Оля вздохнула и потупилась…

– Как я ошиблась, как ошиблась! И что хуже всего, нельзя поправить! Развестись ведь с ним нельзя?

– Нельзя…

– И к чему я спешила, не понимаю! Мы, девушки, так глупы и ветрены… Бить нас некому! Впрочем, не воротишь, и рассуждать тут нечего… Ни рассуждения, ни слезы не помогут. Я, Сережа, сегодня всю ночь плакала! Он тут… около лежит, а я про тебя думаю… спать не могу… Хотела даже бежать ночью, хоть в лес к отцу… Лучше жить у сумасшедшего отца, чем с этим… как его…

– Рассуждения, Оля, не помогут… Нужно было тогда рассуждать, когда ты ехала со мной из Тенева и радовалась, что выходишь за богатого человека… Теперь же поздно упражняться в красноречии…

– Поздно… но так тому и быть! – сказала Оля, решительно махнув рукой. – Лишь бы только хуже не было, а то еще можно жить… Прощай! Пора уж идти…

– Нет, не прощай!

Я привлек к себе Олю и стал осыпать ее лицо поцелуями, словно стараясь вознаградить себя за утерянные три дня. Она жалась ко мне, как озябший барашек, грела мое лицо своим горячим дыханием… Наступила тишина…

– Муж убил свою жену! – гаркнул мой попугай… Оля вздрогнула, высвободилась из моих объятий и вопросительно поглядела на меня…

– Это попугай, душа моя… – сказал я. – Успокойся…

– Муж убил свою жену! – повторил Иван Демьяныч. Оля поднялась, молча надела шляпу и подала мне руку…

На лице ее был написан испуг…

– А что, если Урбенин узнает? – спросила она, глядя на меня большими глазами. – Ведь он убьет меня!
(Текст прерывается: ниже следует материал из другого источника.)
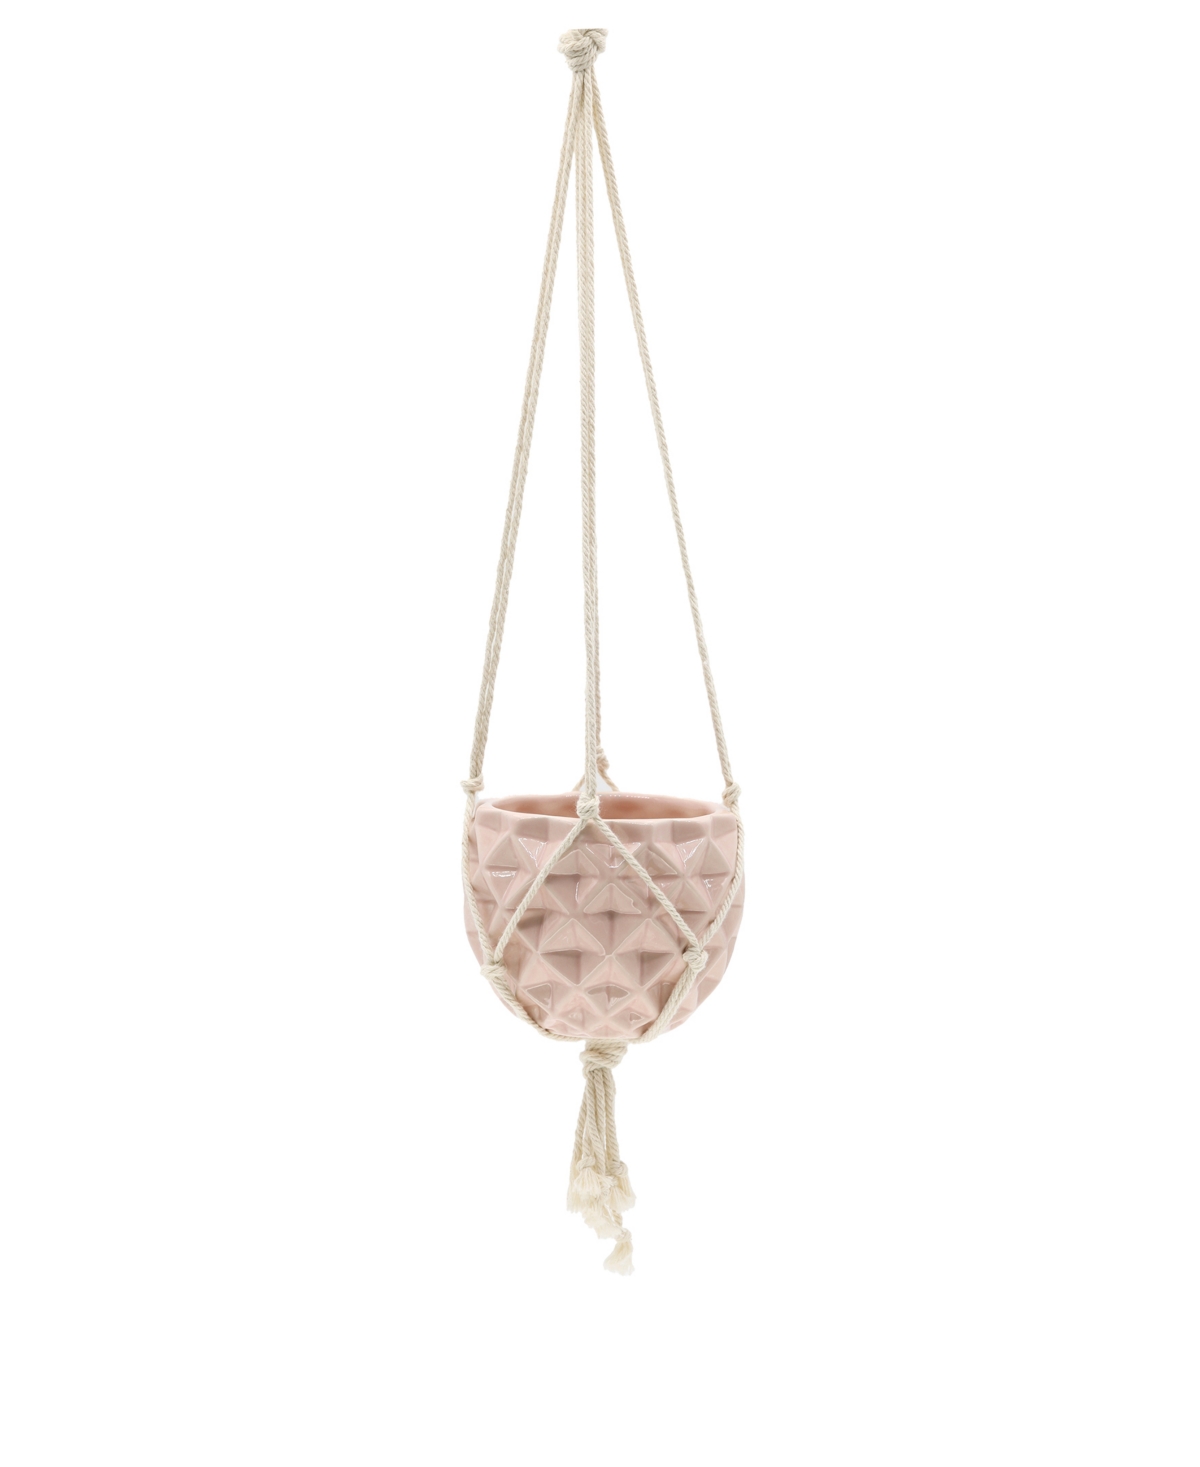 Ceramic Macrame Hanging Planter, 5" x 5" - Pink
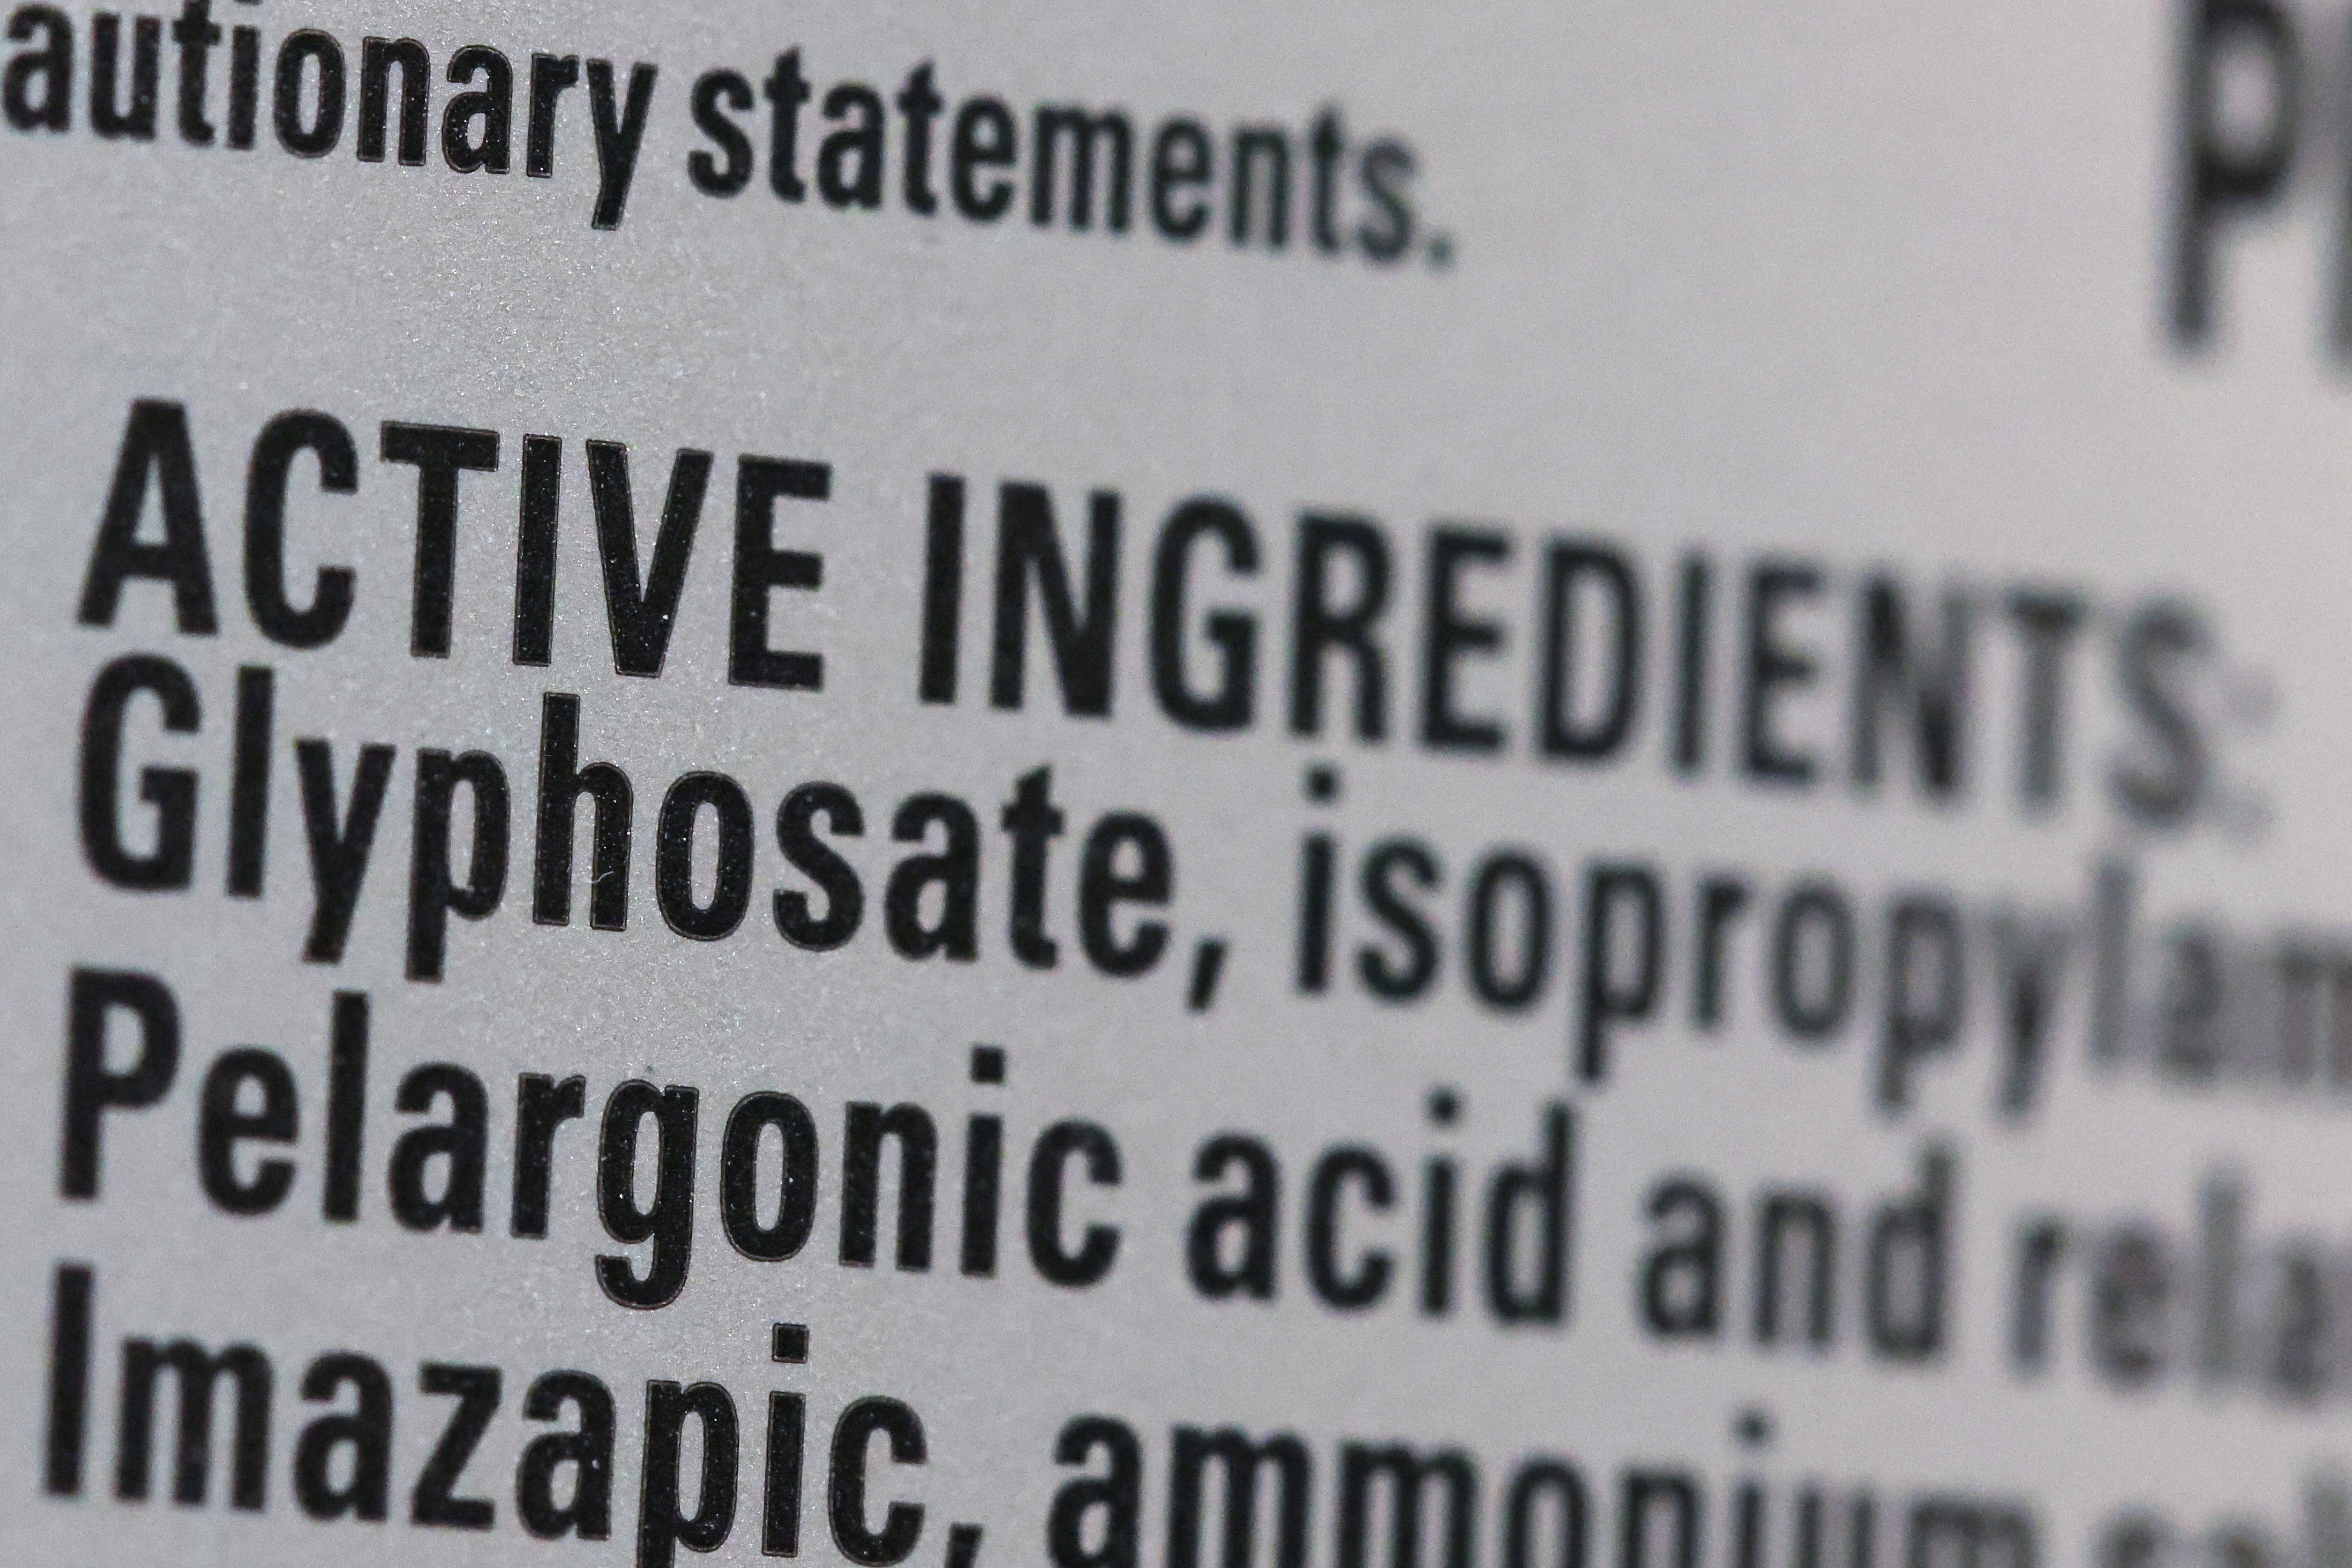 Glyphosate not a carcinogen, EU panel affirms

– Ну, полно… – засмеялся я. – Хорош был бы я, если бы позволил ему убить тебя! Да едва ли он способен на такое необыкновенное дело, как убийство… Ты уходишь? Ну, прощай же, дитя мое… Жду… Завтра буду в лесу около домика, где ты жила… Встретимся…

Проводивши Ольгу и воротясь в кабинет, я встретил там Поликарпа. Он стоял посреди комнаты, сурово глядел на меня и презрительно покачивал головой…

– Чтобы в другой раз у меня этого не было, Сергей Петрович! – сказал он тоном строгого родителя. – Я этого не желаю…

– Чего это?

– Того самого… Вы думаете, я не видел? Все видел… Чтоб она не смела сюда ходить! Нечего тут шуры‑муры за водить! На это другие места есть…

Я был в великолепнейшем настроении духа, а потому шпионство и менторский тон Поликарпа не рассердили меня. Я засмеялся и услал его в кухню.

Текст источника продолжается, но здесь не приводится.